One embodiment provides a computing device. The computing device include a housing, a selection mechanism included in the housing, a microphone to receive a dictated text, a display device having the dictated text displayed on the display device and an electronic processor. The electronic processor is configured to execute instructions to determine the computing device is in at least one of a voice-recognition state and a playback state; modify a function associated with the selection mechanism based on determining the computing device is in at least one of the voice-recognition state and the playback state; perform a first function using the selection mechanism, wherein the first function includes moving a cursor associated with the dictated text to a new position and generating an audio output associated with the new position of the cursor; and perform a second function in response to selection of the selection mechanism when dictated text is not displayed on the display, the second function different from the first function.

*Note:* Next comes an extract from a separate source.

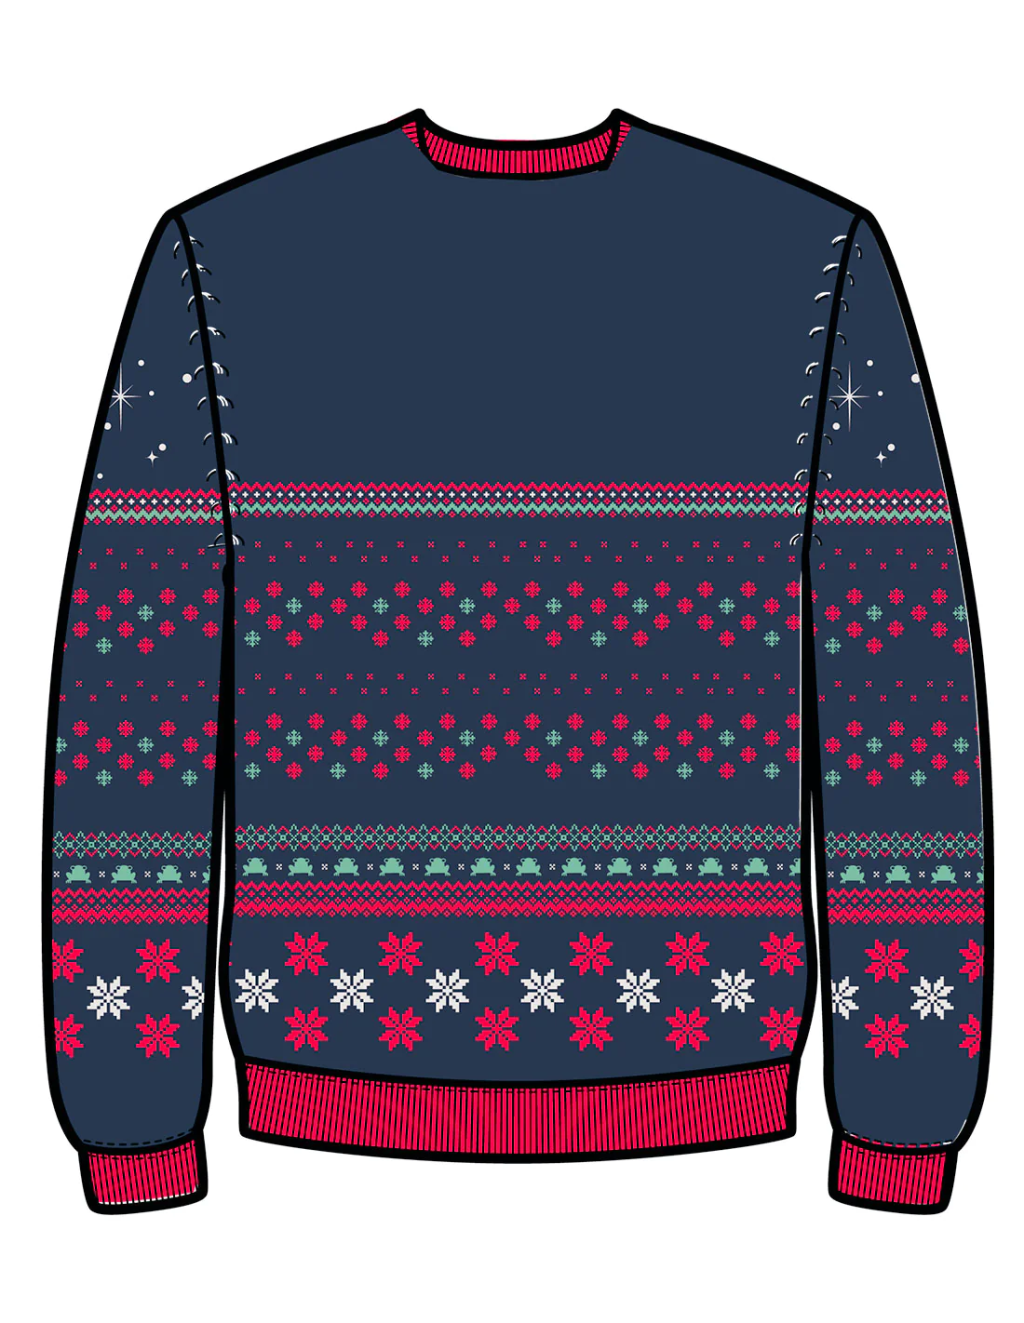 THE MANDALORIAN - Grogu - Men Christmas Sweaters (L)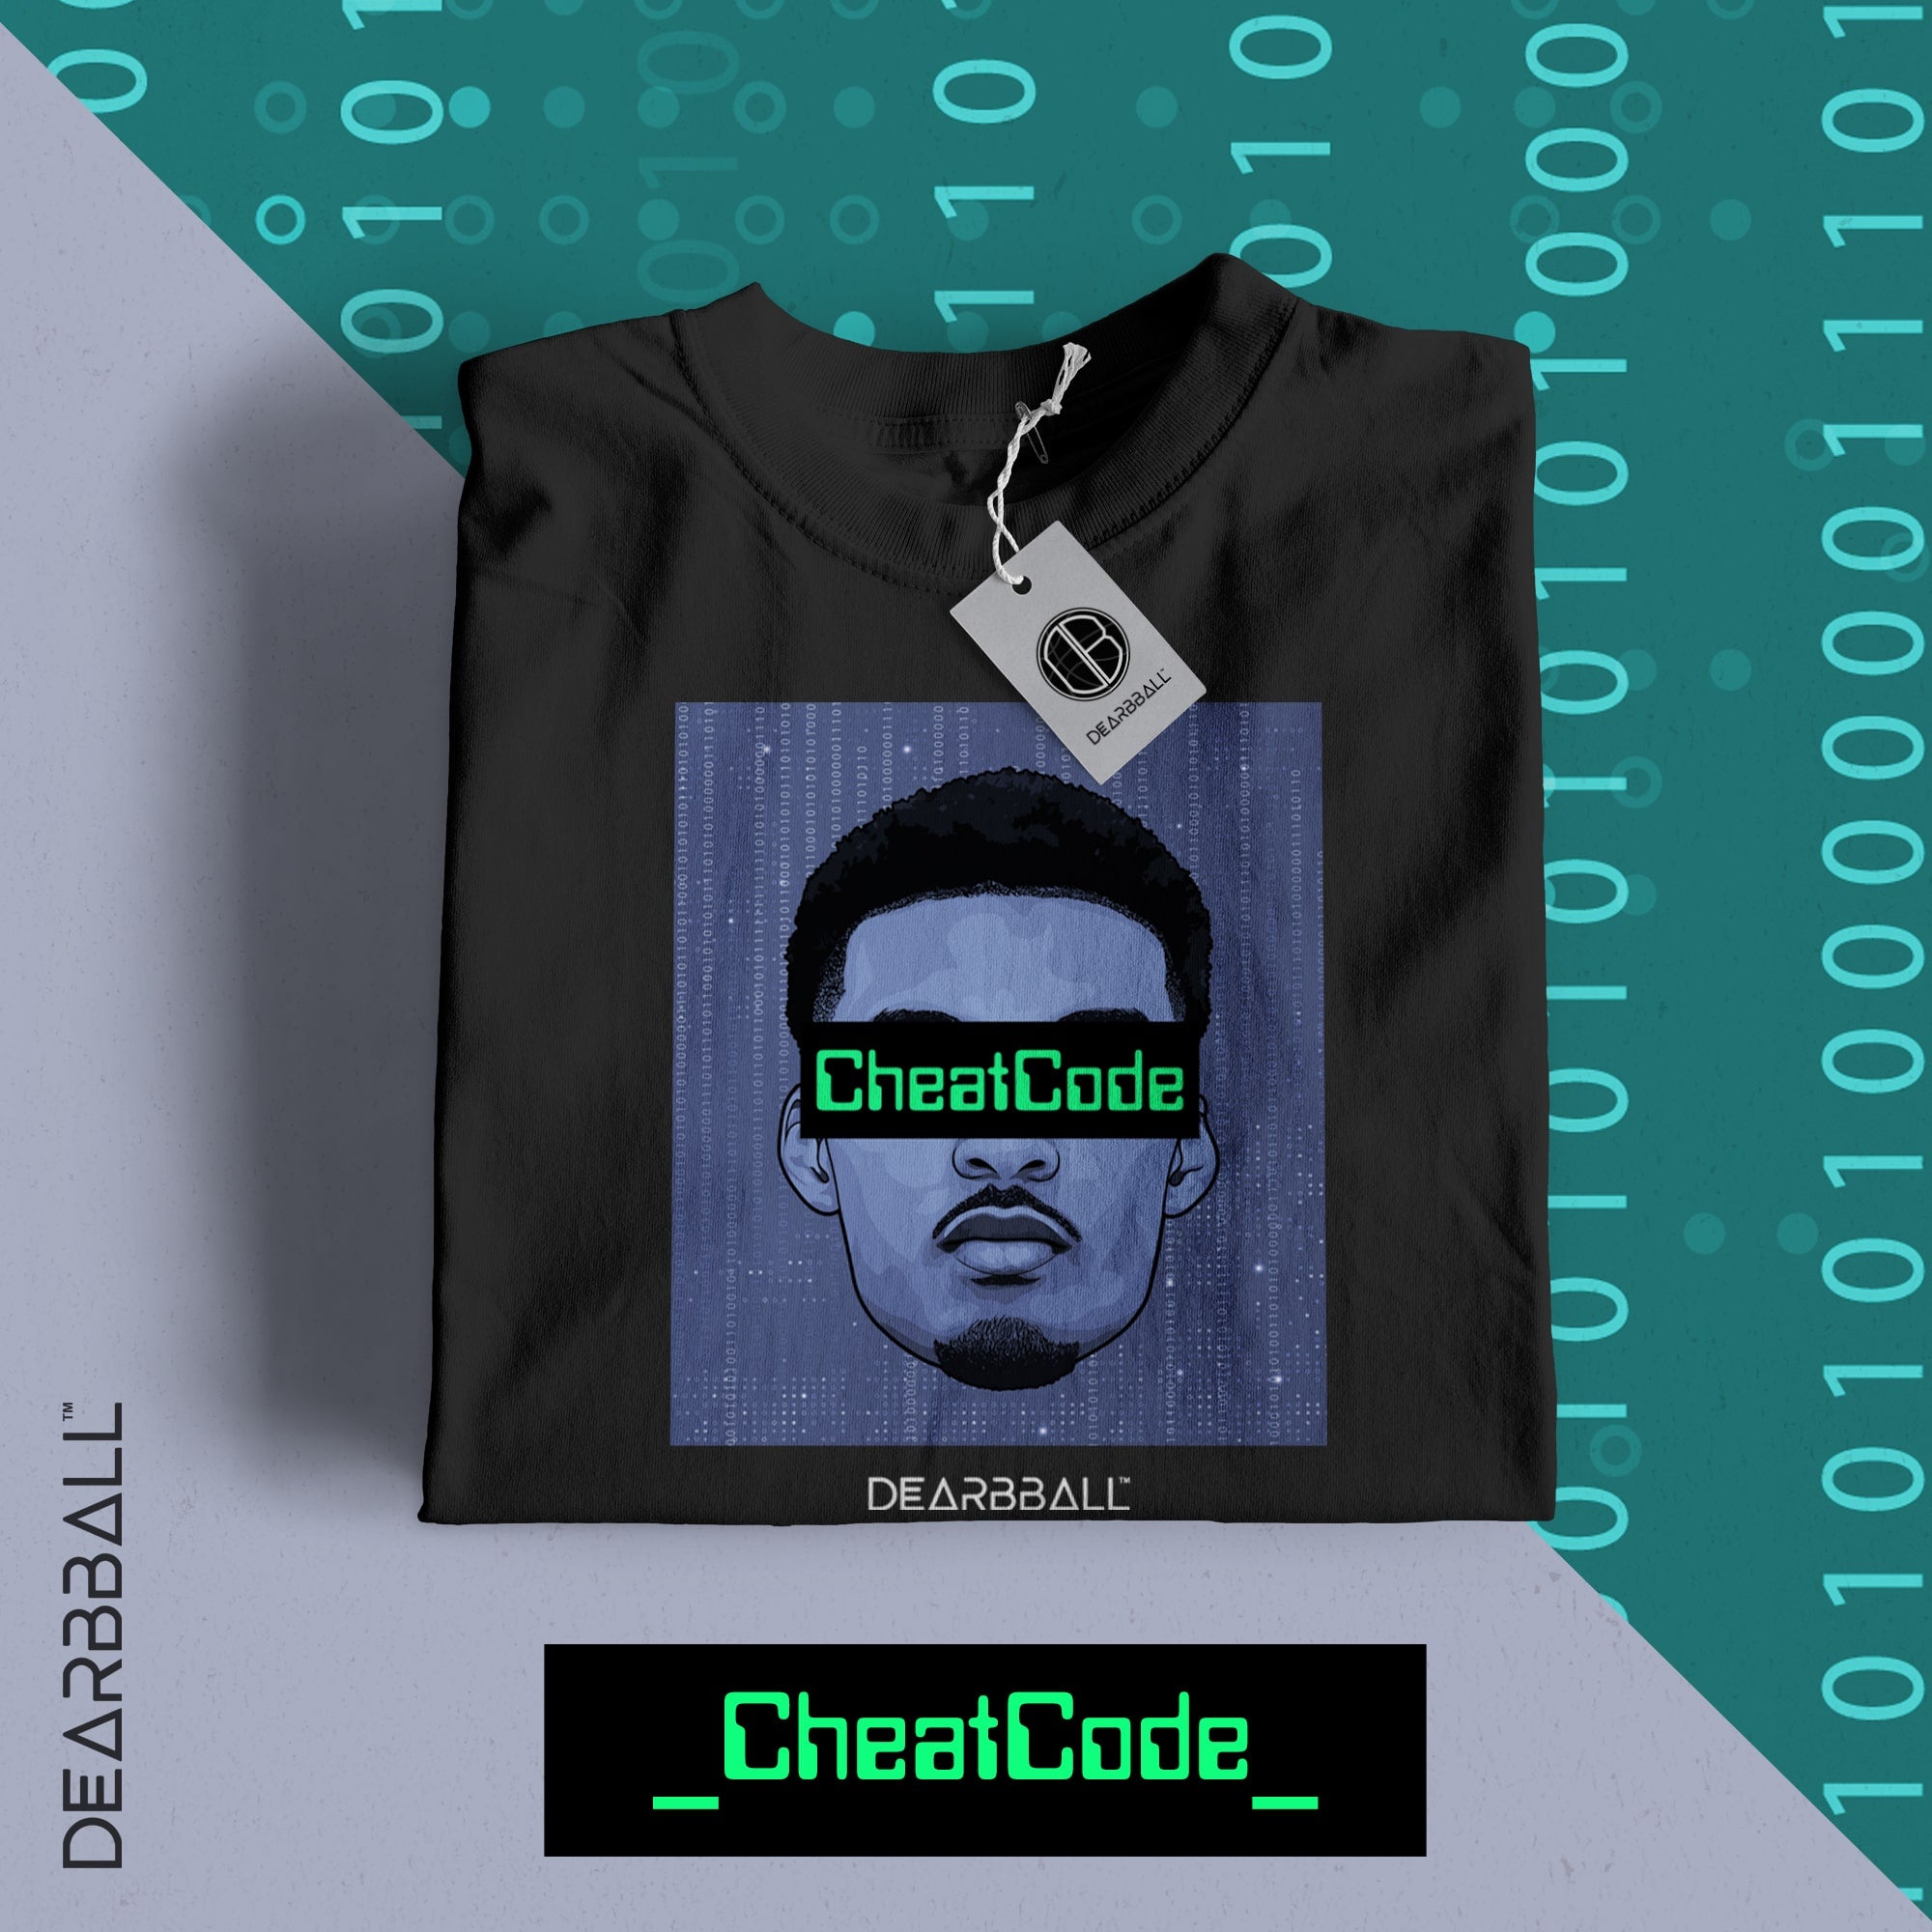 [NIÑOS] Camiseta DearBBall - CheatCode Edición limitada

Another embodiment provides a method for controlling navigation through dictated text displayed in a computing device. The method includes determining, with an electronic processor, the computing device is in at least one of a voice-recognition state and a playback state. The method also includes modifying, with the electronic processor, a function associated with a selection mechanism when the computing device is in the voice-recognition state. The method also includes performing a first function using the selection mechanism, wherein the first function includes moving a cursor associated with the dictated text to a new position and generating an audio output associated with the new position of the cursor. The method includes further performing a second function different from the first in response to selection of the selection mechanism when dictated text is not displayed on the display.
A yet another embodiment provides a controller for dictated text navigation. The controller includes a selection mechanism communicatively coupled to a display and an electronic processor. The electronic processor configured to execute instructions to modify a function associated with the selection mechanism based on determining the controller is in at least one of a voice-recognition state and a playback state; perform a first function using the selection mechanism, wherein the first function includes moving a cursor associated with the dictated text to a new position and generating an audio output associated with the new position of the cursor; and perform a second function in response to selection of the selection mechanism when dictated text is not displayed on the display, the second function different from the first function.
The accompanying figures, where like reference numerals refer to identical or functionally similar elements throughout the separate views, together with the detailed description below, are incorporated in and form part of the specification, and serve to further illustrate embodiments of concepts that include the claimed invention, and explain various principles and advantages of those embodiments.
Skilled artisans will appreciate that elements in the figures are illustrated for simplicity and clarity and have not necessarily been drawn to scale. For example, the dimensions of some of the elements in the figures may be exaggerated relative to other elements to help to improve understanding of embodiments provided herein.
The apparatus and method components have been represented where appropriate by conventional symbols in the drawings, showing only those specific details that are pertinent to understanding the embodiments so as not to obscure the disclosure with details that will be readily apparent to those of ordinary skill in the art having the benefit of the description herein.
Before any embodiments are explained in detail, it is to be understood that the invention is not limited in its application to the details of construction and the arrangement of components set forth in the following description or illustrated in the accompanying drawings. The invention is capable of other embodiments and of being practiced or of being carried out in various ways.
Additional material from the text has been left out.